The 2020 ATP Finals (also known as the 2020 Nitto ATP Finals for sponsorship reasons) was a men's tennis tournament played at the O2 Arena in London, United Kingdom, from 15 to 22 November 2020. It was the season-ending event for the highest-ranked singles players and doubles teams on the 2020 ATP Tour. This was the final year that London hosted the event. On 14 August 2020, it was announced the tournament would be held without spectators in attendance following guidelines imposed due to the COVID-19 pandemic in the United Kingdom.

The tournament took place from 15 to 22 November at the O2 Arena in London, United Kingdom. It was the 51st edition of the tournament (46th in doubles). The tournament was run by the Association of Tennis Professionals (ATP) and was part of the 2020 ATP Tour. The event took place on indoor hard courts. It served as the season-ending championships for players on the ATP Tour.

In singles (and in doubles with teams in place of individual players), the eight players who qualified for the event were split into two groups of four. During this stage, players competed in a round-robin format. The two players in each group with the best results, including head-to-head records, progressed to the semifinals, where the winners of a group faced the runners-up of the other group. This stage, however, was a knock-out stage.

Champions

Singles

 Daniil Medvedev def.  Dominic Thiem, 4–6, 7–6(7–2), 6–4.

Doubles

 Wesley Koolhof /  Nikola Mektić def.  Jürgen Melzer /  Édouard Roger-Vasselin 6–2, 3–6, [10–5].

Day-by-day summaries

Singles group

Doubles group

Format

The ATP Finals had a round-robin format, with eight players/teams divided into two groups of four. The eight seeds were determined by the ATP rankings and ATP Doubles Team Rankings on the Monday after the last ATP Tour tournament of the calendar year. All singles matches, including the final, were best of three sets with tie-breaks in each set including the third. All doubles matches were two sets (no ad) and a Match Tie-break.

Points and prize money
The ATP Finals currently (2020) rewards the following points and prize money, per victory:

 RR is the points or prize money won in the round robin stage.
 1 Prize money for doubles is per team.
 An undefeated champion would earn the maximum 1,500 points, and $2,114,000 in singles or $354,500 in doubles.

Qualification

Singles
Eight players compete at the tournament, with two named alternates.

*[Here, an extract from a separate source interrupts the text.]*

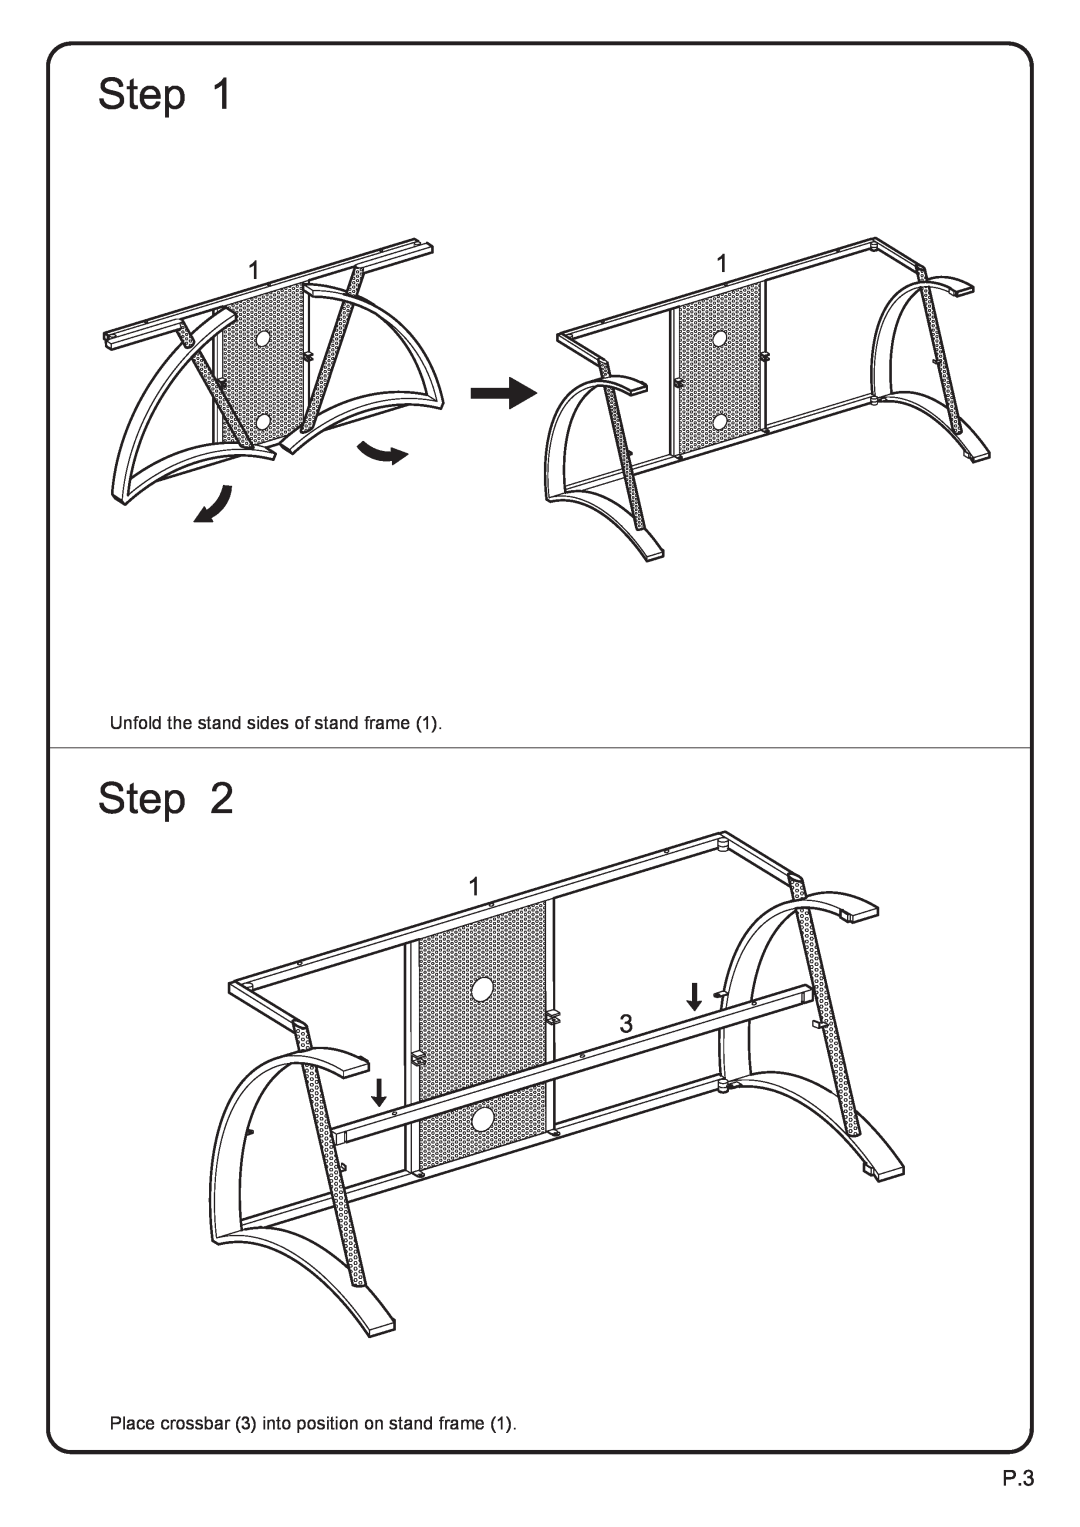 Walker V42GBB manual Unfold the stand sides of stand frame, Place crossbar 3 into position on stand frame 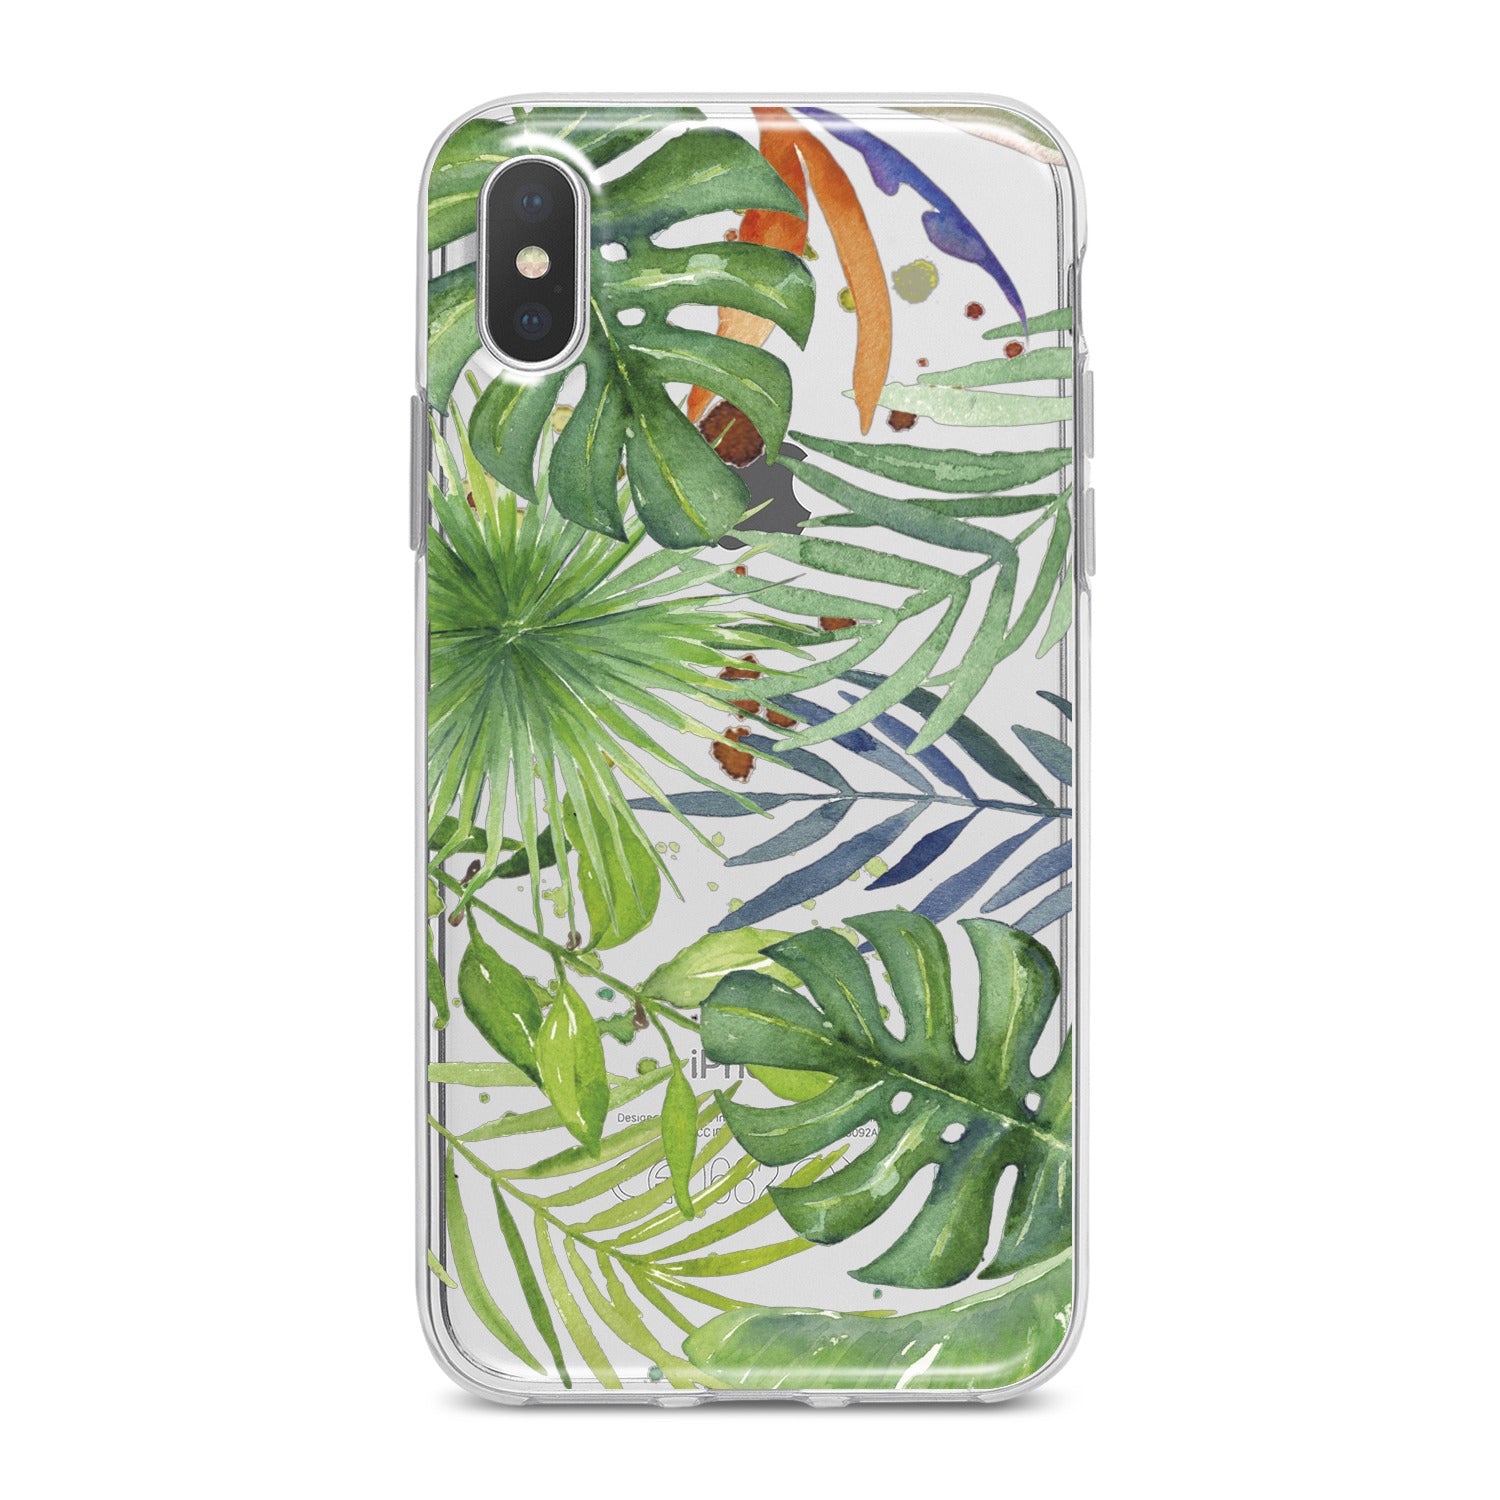 Lex Altern Green Monstera Pattern Phone Case for your iPhone & Android phone.

Players receive places in the following order of precedence:
 First, the top 7 players in the ATP Race to London on the Monday after the final tournament of the ATP Tour, that is, after the 2020 Sofia Open.
 Second, up to two 2020 Grand Slam tournament winners ranked anywhere 8th–20th, in ranking order
 Third, the eighth ranked player in the ATP rankings
In the event of this totaling more than 8 players, those lower down in the selection order become the alternates. If further alternates are needed, these players are selected by the ATP.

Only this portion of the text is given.